= Independent reviews in the United Kingdom =

United Kingdom non-statutory policy investigations

Independent reviews in the United Kingdom are non-statutory, flexible, arm's-length investigations into matters of concern. They are often commissioned by ministers and departments of the UK Government to examine policy or public interests outside formal, statutory public inquiry frameworks. Unlike statutory public inquiries, they lack powers to compel evidence and use flexible evidence-gathering methods such as focus groups, confidential interviews, and calls for evidence.

Independent reviews vary in duration from rapid assessments to multi-year probes with interim and final reports. Processes adapt to context, preserving agility but requiring bespoke setup. Final reports deliver findings and actionable recommendations, which governments may adopt or respond to formally. Independent reviews thus complement public inquiries by offering policy-focused scrutiny with procedural flexibility.

== Definition ==

In the United Kingdom, independent reviews are formal investigations to examine specific topics of interest outside legislative frameworks such as the Inquiries Act 2005. They are often used by the government to investigate policy or matters of public concern. When commissioned by a government department to examine its affairs, they will function outside of them to make them independent.

Independent reviews are distinct from public inquiries. While public inquiries are usually established to investigate past failures, independent reviews usually examine broad government policy. Furthermore, as with non-statutory inquiries, they differ from statutory public inquiries by lacking powers to compel evidence or witnesses and by being more flexible.

Several independent reviews include the phrase "independent review" in their title, for example the Independent Review of the Fire Service and the Independent Review of Prison Capacity. From time to time, politicians have announced independent reviews to examine areas of public concern. They are often used to examine topics relating to healthcare. For example, the Leng Review examined the use of physician associates and anaesthesia associates within the National Health Service (NHS).

== Process ==

Independent reviews follow no set model. They are usually established by government ministers and led by external experts appointed to investigate complex or contentious policy areas within pre-set terms of reference and timeframes. They use evidence-gathering methods such as public calls for evidence, stakeholder consultations, focus groups, drop-in sessions, and confidential interviews. Their final reports set out findings and actionable recommendations, which governments may adopt or respond to formally, enhancing policy credibility while preserving ministerial discretion.

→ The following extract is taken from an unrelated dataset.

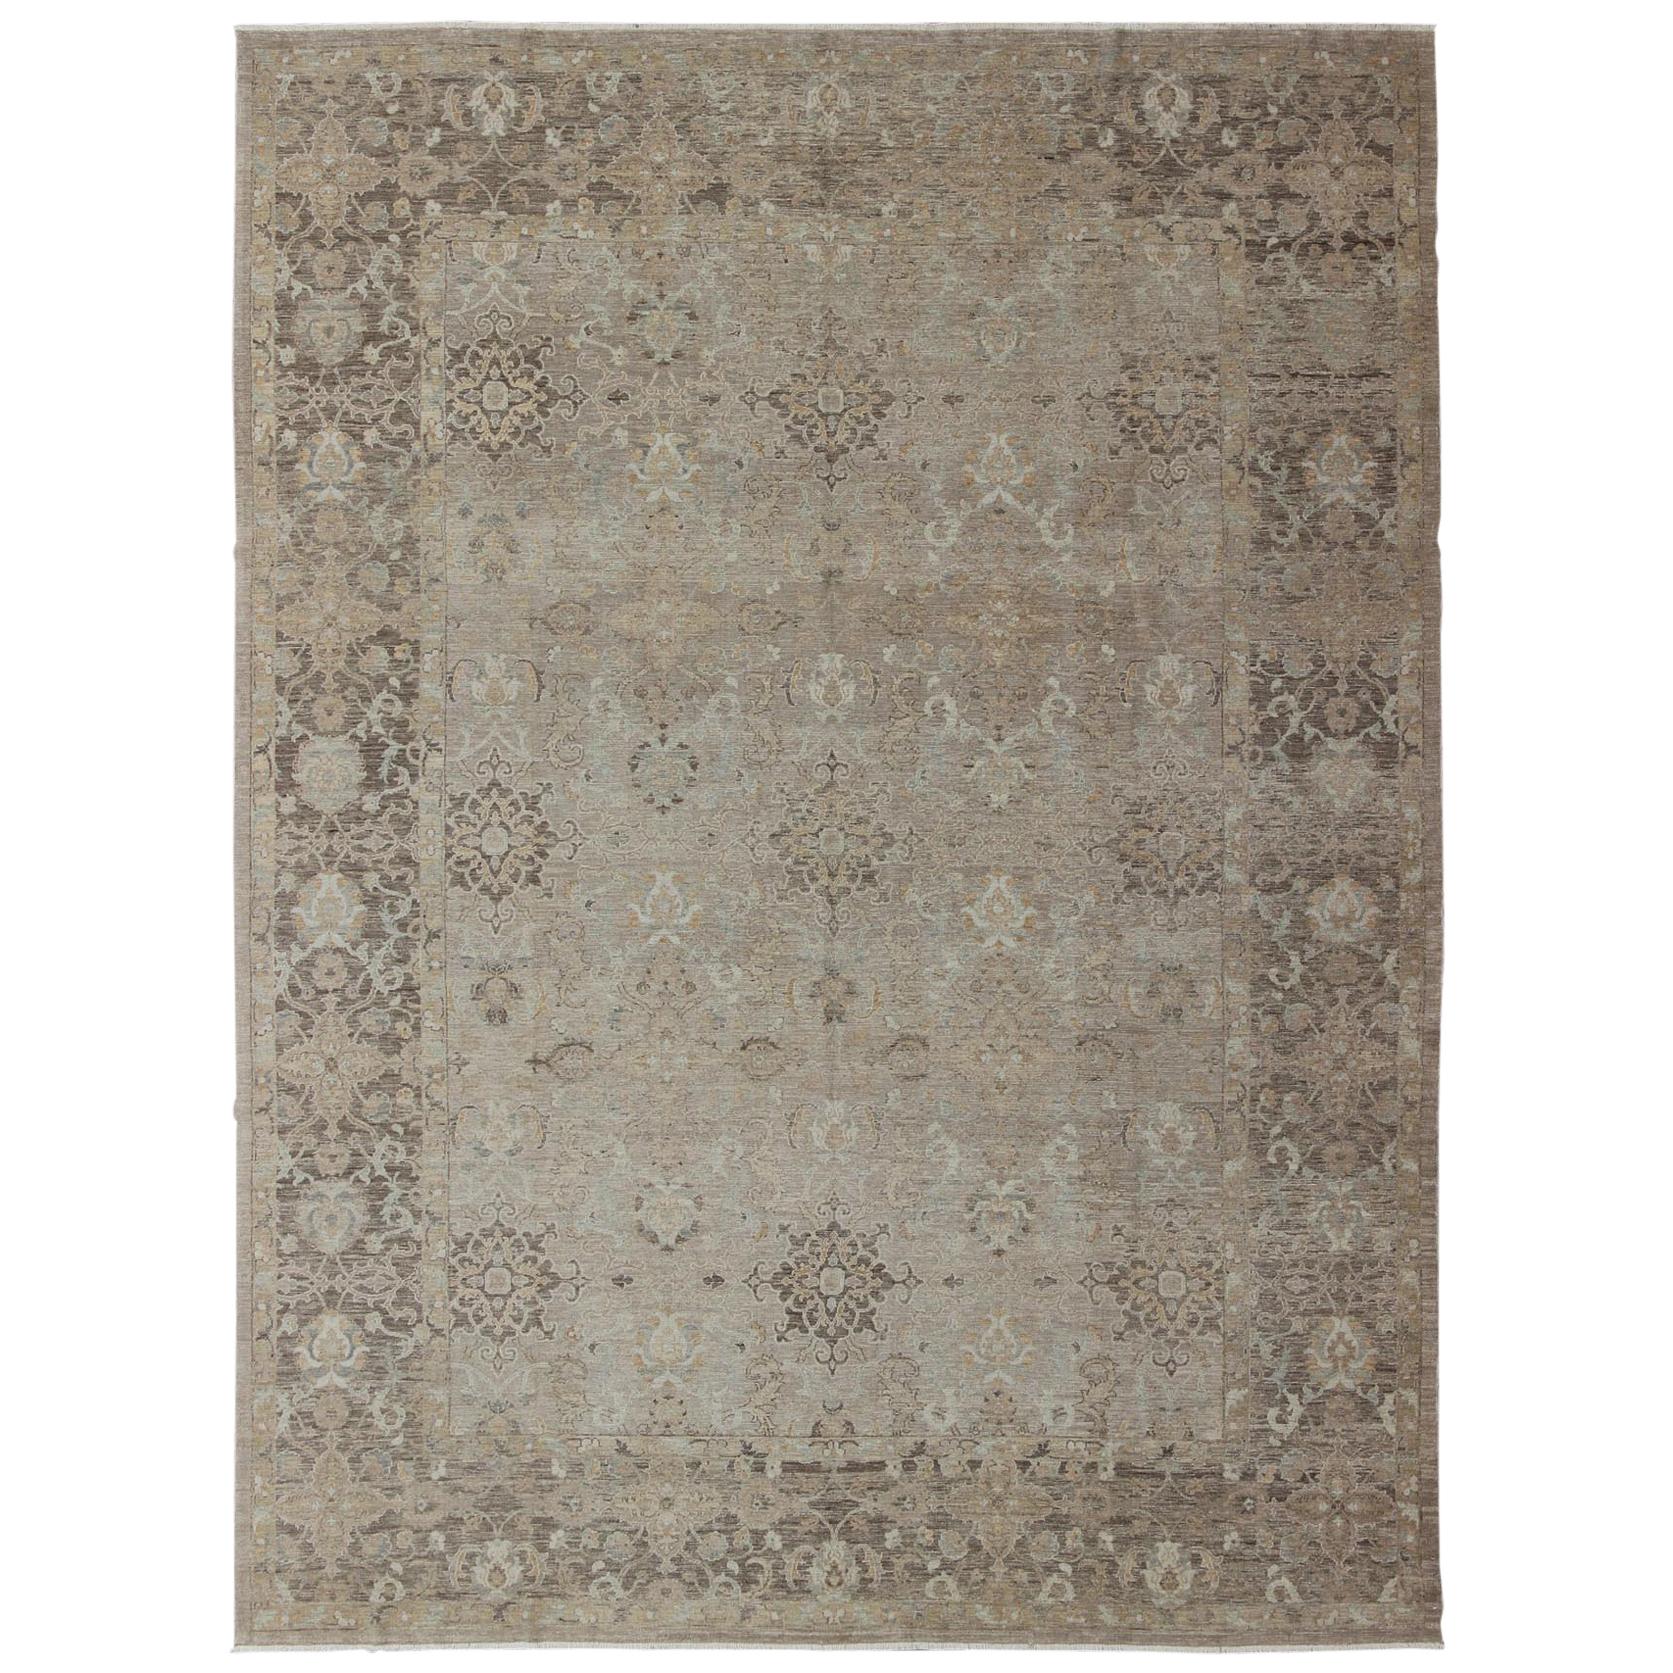 Turkish Sivas Fine Weave Rug in Taupe, Gray, Ivory and Brown and Cream Colors

Ministers may appoint a single reviewer or commission a panel, and reviewers may be voluntary or remunerated based on context. The durations of independent reviews vary widely, from rapid investigations of a few months to multi-year enquiries with interim and final reports. The absence of a standardised methodology can increase setup overhead but preserves flexibility, enabling independent reviews to adapt methods to subject-matter needs.

== Notable examples ==

=== Lammy Review ===

The Lammy Review, an independent review that examined racism within the policing and criminal justice systems in the UK, was commissioned in January 2016 by Prime Minister David Cameron and led by MP David Lammy. It found stark racial disparities in arrests, sentencing, and custody, identifying opaque sentencing, over‑representation in remand, and lack of trust as key factors. The review made 35 recommendations, including public sentencing explanations, deferred prosecutions, and record sealing, most of which the government adopted by creating a Race and Ethnicity Board and embedding changes in policy. While praised for its rigour and data transparency, campaigners note persistent disparities, and call for full implementation.

=== Ockenden Review ===

The Ockenden Review, commissioned in 2017 by Health Secretary, Jeremy Hunt, and led by Donna Ockenden, investigated maternity care at Shrewsbury and Telford Hospital NHS Trust following concerns from bereaved families. The review examined over 1,400 cases, identifying systemic failures such as staffing shortages, inadequate training, poor governance, and a culture that failed to listen to women. It issued 15 national recommendations and over 60 trust-specific recommendations aimed at improving maternity safety.

=== Browne Review ===

The Browne review was commissioned in November 2009 by Business Secretary, Peter Mandelson, and chaired by Lord Browne to examine university fees and student finance amid concerns over sustainability and access. The review recommended removing the £3,290 fee cap in favour of a variable‑fee model tied to graduate earnings, raising the repayment threshold to £21,000, and establishing an independent higher education council.